Real estate brokers and investors have gone too far, homeowners complain.
Photo: Nigel Roberts

Real estate investors looking to make a quick buck have gone so far as to follow one of Jessica Franco's neighbors to the grocery store and laundromat.

Franco told BK Reader speculators were harassing and lying to seniors and others in the East New York and Cyprus Hills area to get them to sell their homes below market value, so they could resell them for huge profit.

Franco is a member of the umbrella group Coalition for Community Advancement, which has been at the forefront of organizing residents to urge state officials to create a cease-and-desist zone that would protect homeowners and mitigate the destructive effects of gentrification in the community.

After a March 5 hearing, the New York Department of State set a deadline of Aug. 29 to hear final public comments on its proposed rule to create a cease-and-desist zone in a portion—but not all—of Community Board 5 (CB5).

In cease-and-desist zones, property owners can add their name to a list of people whom real estate brokers, speculators and other working in the industry are barred from contacting.

Coalition for Community Advancement

Coalition members and community residents at the March 5, 2020 hearing.

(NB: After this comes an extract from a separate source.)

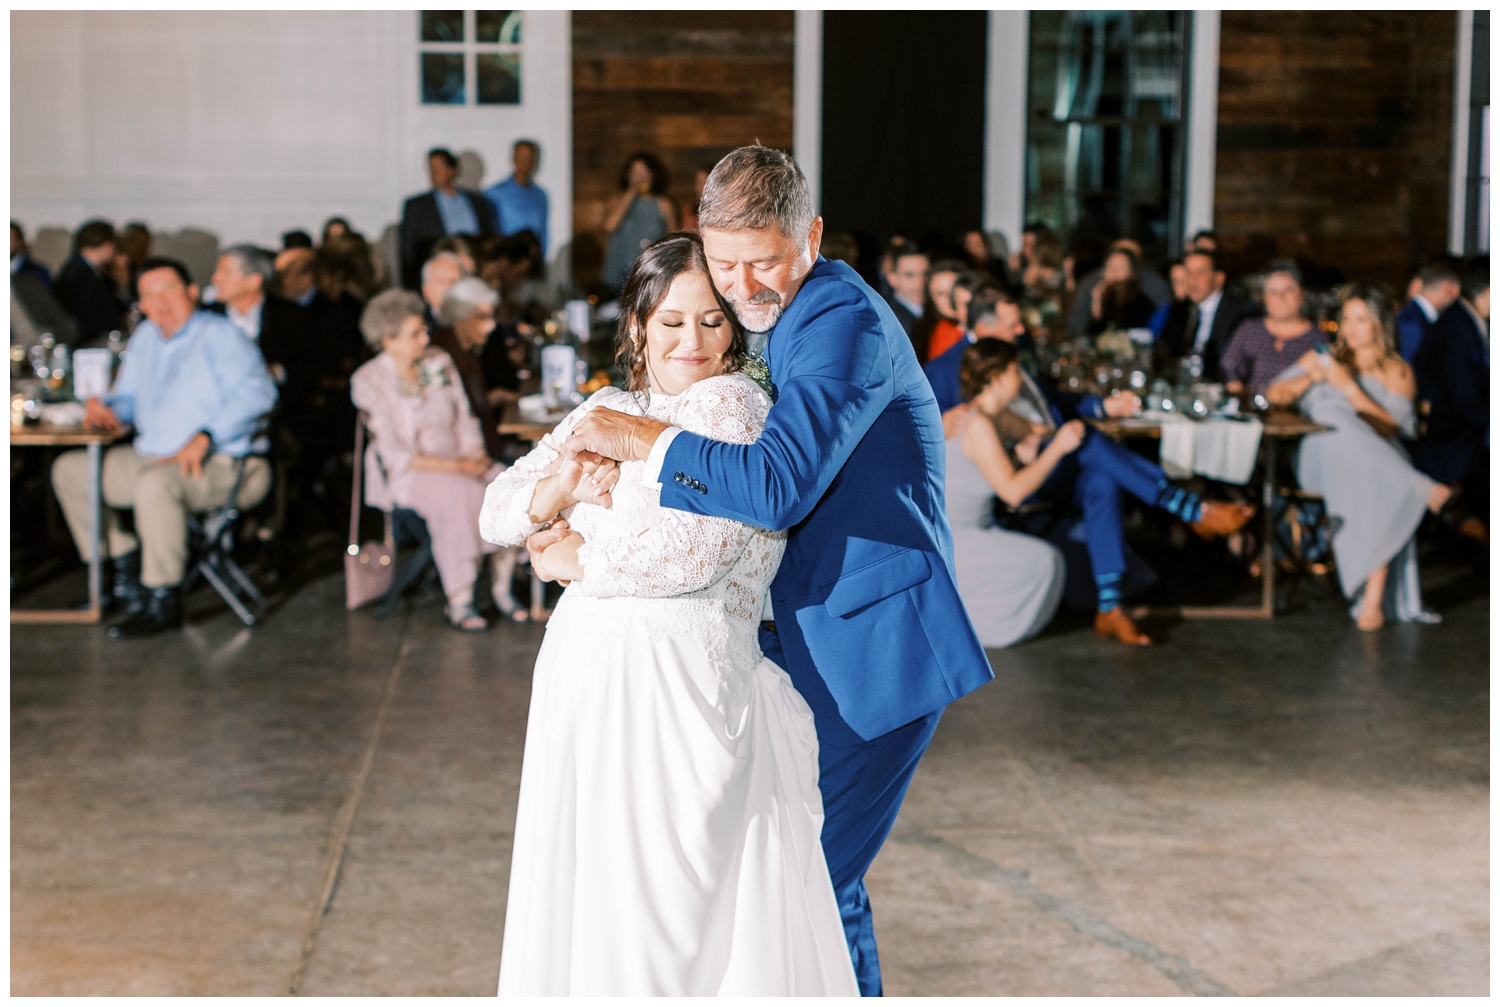 father daughter dancing at outdoor wedding reception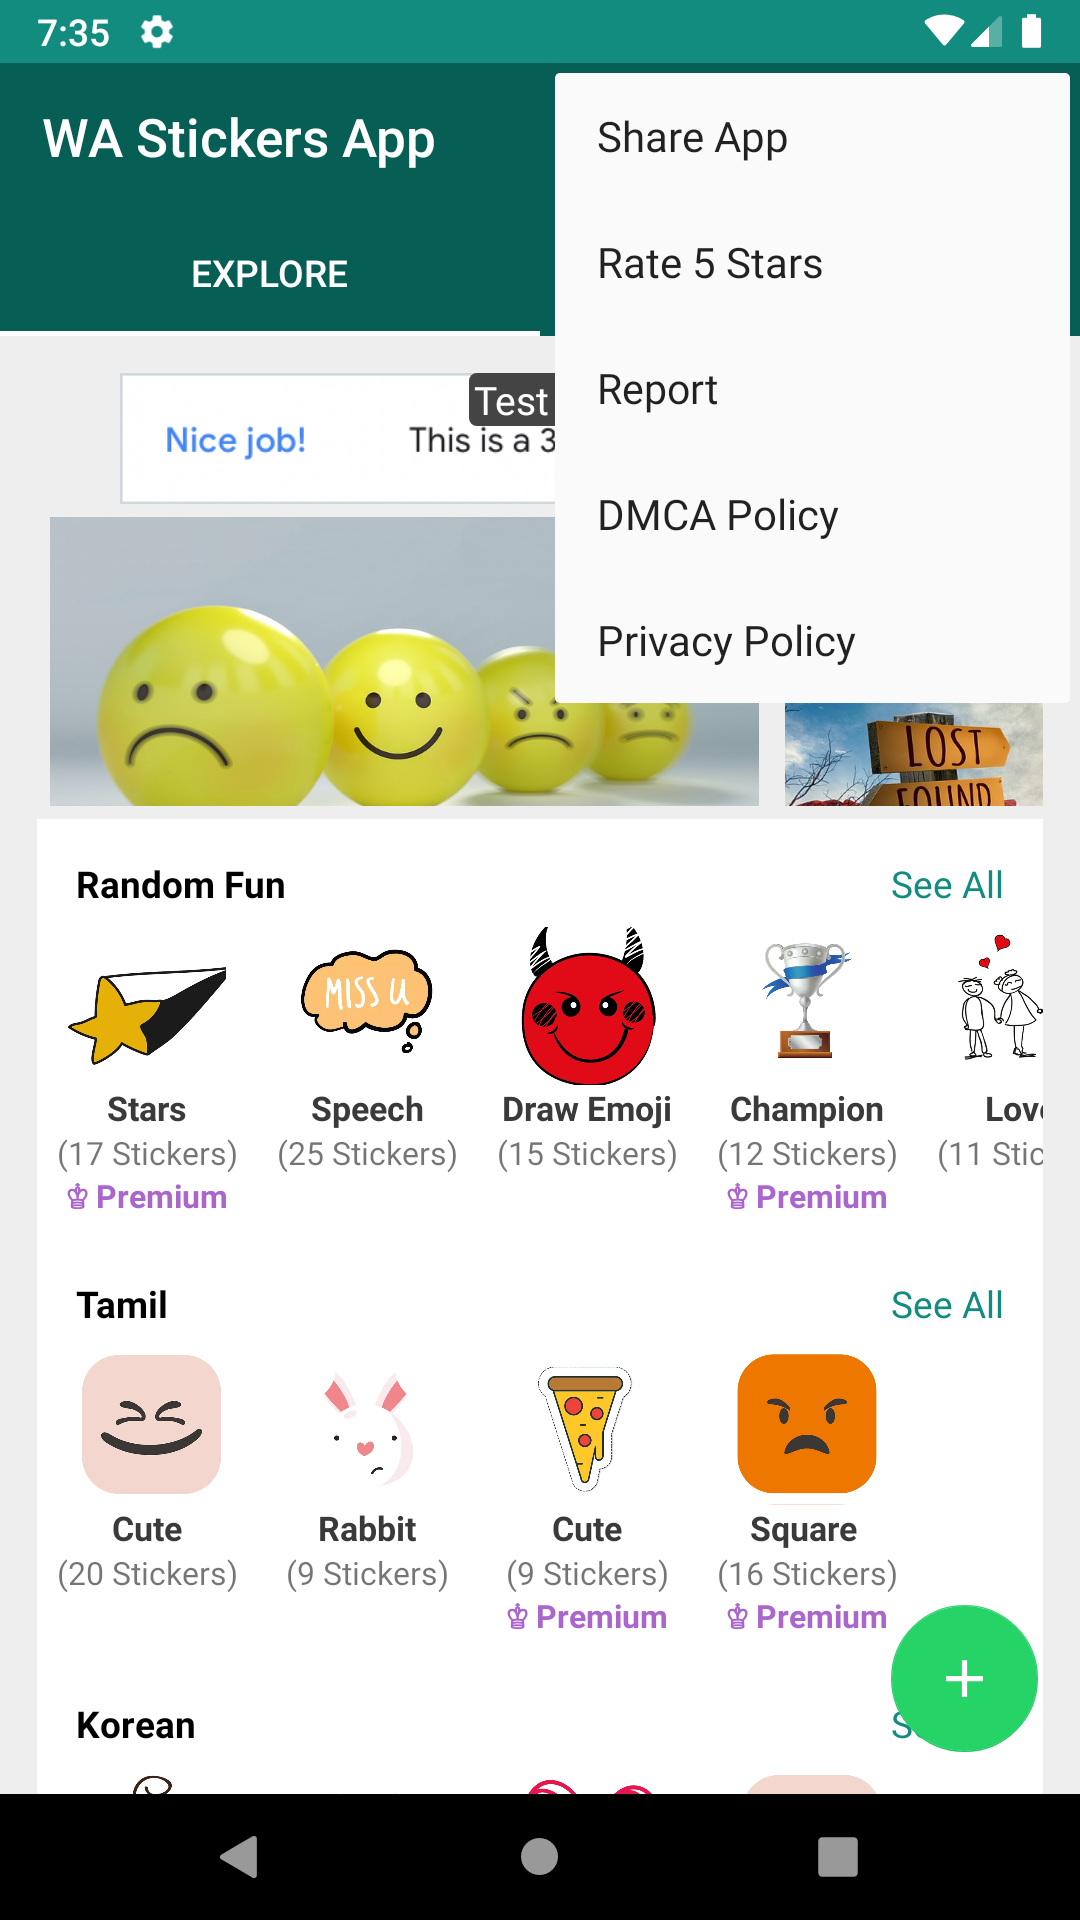 Emrys Online Android Stickers App For Whatsapp With Sticker Maker

Photo: Courtesy of the Coalition for Community Advancement.

Testimonies of East New Yorkers

At the March hearing, state officials listened to testimony from residents about the aggressive tactics used to get them to sell their houses.

"After holding a well-attended public hearing in Kings County, and receiving substantial evidence from many homeowners, the Secretary has found that homeowners within the zone proposed by this rulemaking are subject to the types of solicitations that Section 442-h and cease-and-desist lists are intended to guard against," the Department of State's administrative rules division said in its July 1 state Register, the state's official journal on proposed regulations and rulemaking activities.

The Register documented testimonies of residents at the hearing who complained the high-pressure tactics have gone too far and they need relief.

"Several residents testified to receiving multiple solicitations on a daily basis, having vehicles parked in front of their home and then being stopped as they went about their private routines only to be solicited," the report added.

Seeking to expand the proposed zone

Franco said the coalition was elated by the state's cease-and-desist zone proposal. However, they urged residents to ask the state to expand the zone to encompass all of CB5. Residents have until Aug. 29 to do so.

Under the current proposal, the zone would include just a swath of East New York. The community activists want it extended past Jamaica Avenue in the north and past Linden Boulevard in the south.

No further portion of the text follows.